Solve the following system of equations: $\begin{cases} 4^{\frac{x}{y}} - 3 \times 4^{\frac{5y-x}{y}} = 16 \\ \sqrt{x} - \sqrt{2y} = \sqrt{12} - \sqrt{8} \end{cases}$
Given system of equations:
$4^{\frac{x}{y}} - 3 \times 4^{\frac{5y-x}{y}} = 16$ $\;\;\; \cdots \; (1)$
$\sqrt{x} - \sqrt{2y} = \sqrt{12} - \sqrt{8}$ $\;\;\; \cdots \; (2)$
We have from equation $(1)$
$4^{\frac{x}{y}} - 3 \times 4^5 \times 4^{\frac{-x}{y}} = 16$
i.e. $\;$ $4^{\frac{x}{y}} - \dfrac{3072}{4^{\frac{x}{y}}} = 16$
i.e. $\;$ $\left(4^{\frac{x}{y}}\right)^2 - 16 \times 4^{\frac{x}{y}} - 3072 = 0$
i.e. $\;$ $\left(4^{\frac{x}{y}}\right)^2 - 64 \times 4^{\frac{x}{y}} + 48 \times 4^{\frac{x}{y}} - 3072 = 0$
i.e. $\;$ $4^{\frac{x}{y}} \left(4^{\frac{x}{y}} - 64\right) + 48 \left(4^{\frac{x}{y}} - 64\right) = 0$
i.e. $\;$ $\left(4^{\frac{x}{y}} - 64\right) \left(4^{\frac{x}{y}} + 48\right) = 0$
i.e. $\;$ $4^{\frac{x}{y}} = 64$ $\;$ or $\;$ $4^{\frac{x}{y}} = -48$
i.e. $\;$ $\dfrac{x}{y} = \log_4 64$ $\;$ or $\;$ $\dfrac{x}{y} = \log_4 \left(-48\right)$
But logarithm of a negative number is not defined.
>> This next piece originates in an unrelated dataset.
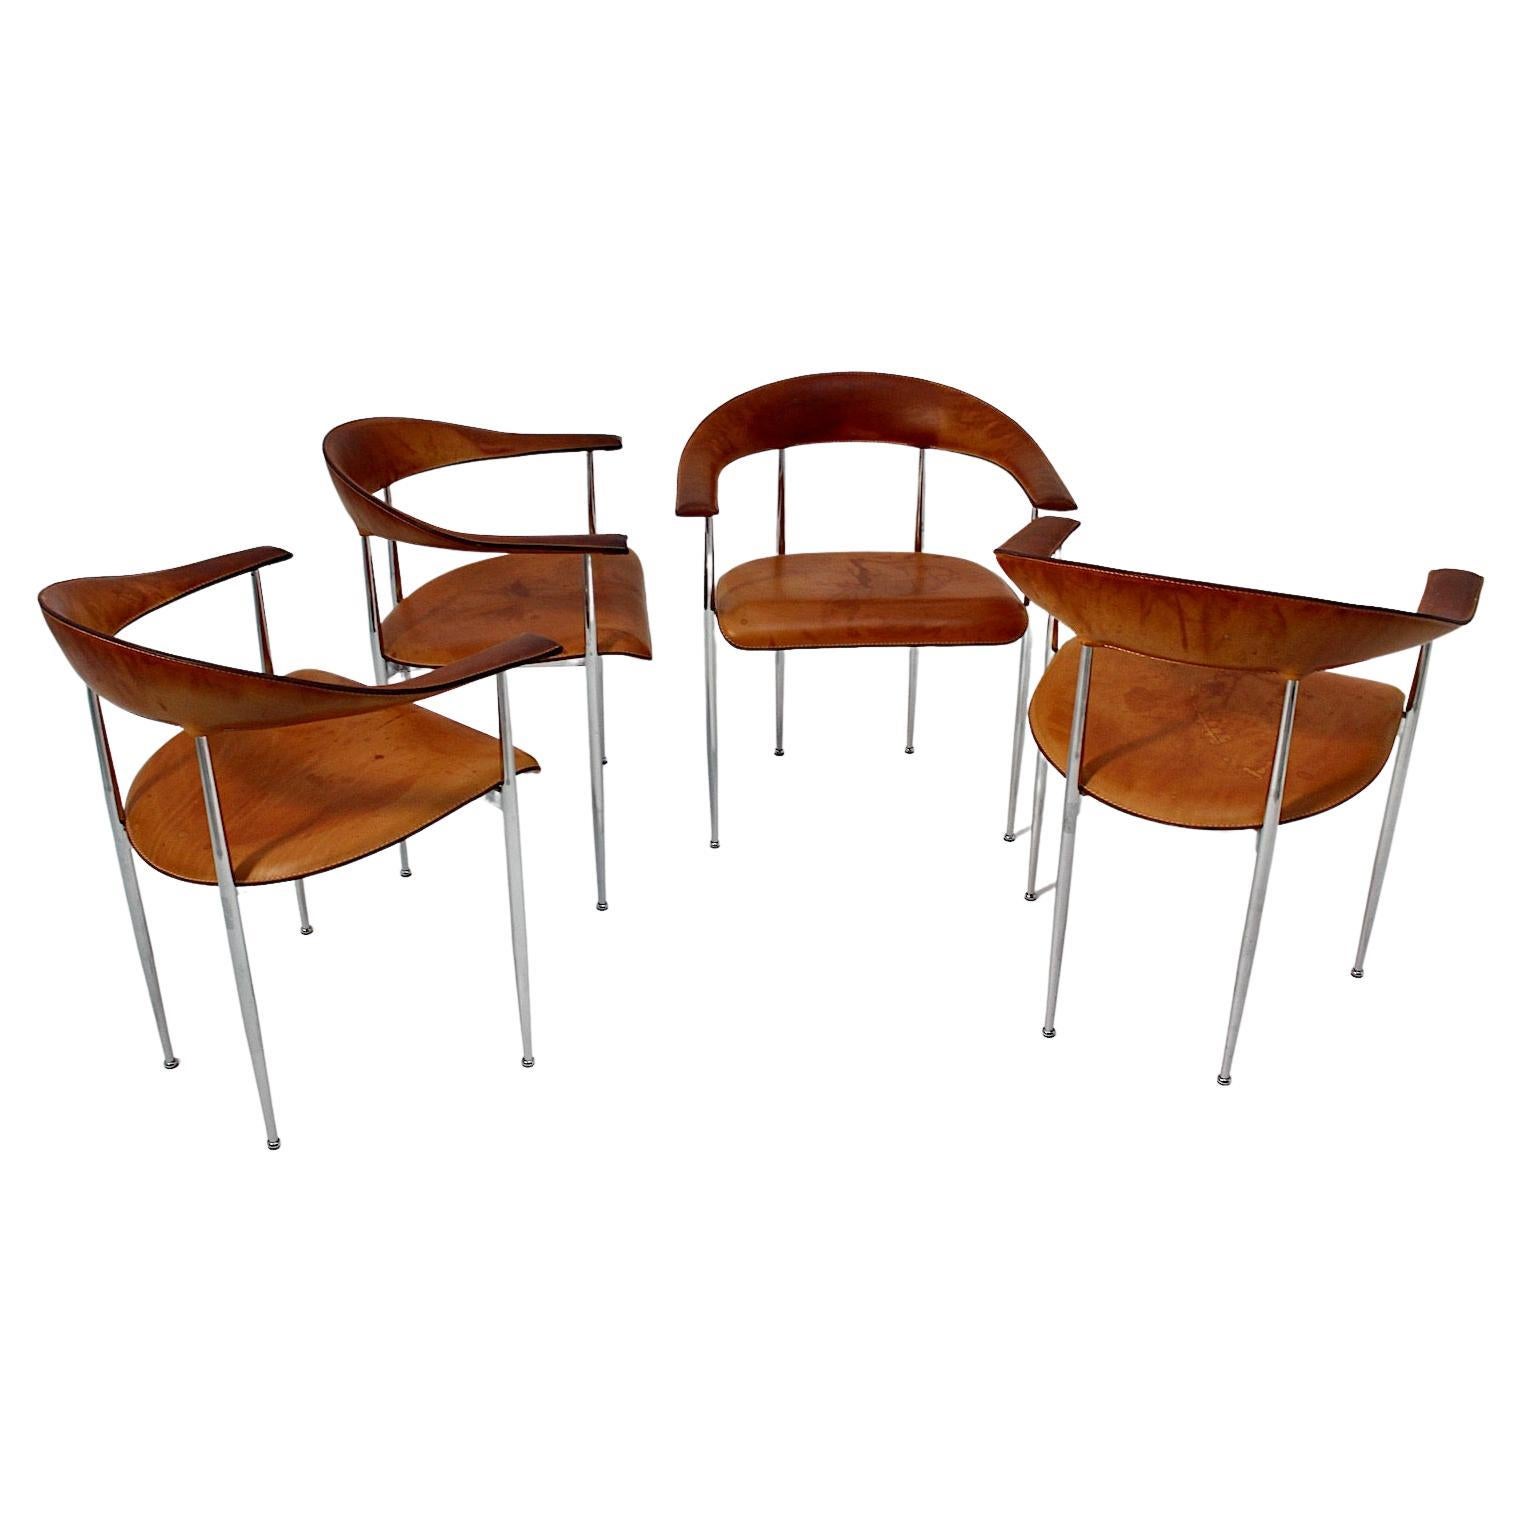 Modernist Vintage Four Dining Chairs Cognac Brown Leather Chrome, 1980s, Italy

$\therefore \;$ $\dfrac{x}{y} = \log_4 \left(-48\right)$ $\;$ is not a valid solution.
Now, $\;$ $\dfrac{x}{y} = \log_4 64$ $\implies$ $\dfrac{x}{y} = \log_4 4^3$
i.e. $\;$ $\dfrac{x}{y} = 3 \log_4 4 = 3$
$\implies$ $x = 3y$ $\;\;\; \cdots \; (3)$
Substituting the value of $x$ in equation $(2)$ gives
$\sqrt{3y} - \sqrt{2y} = \sqrt{12} - \sqrt{8}$
i.e. $\;$ $\sqrt{y} \left(\sqrt{3} - \sqrt{2}\right) = 2 \sqrt{3} - 2 \sqrt{2}$
i.e. $\;$ $\sqrt{y} \left(\sqrt{3} - \sqrt{2}\right) = 2 \left(\sqrt{3} - \sqrt{2}\right)$
i.e. $\;$ $\sqrt{y} = 2$ $\implies$ $y = 4$
Substituting the value of $y$ in equation $(3)$ gives $\;$ $x = 3 \times 4 = 12$
$\therefore \;$ The solution to the given system of equations is $\;\;$ $x = \left\{\left(12, \; 4\right) \right\}$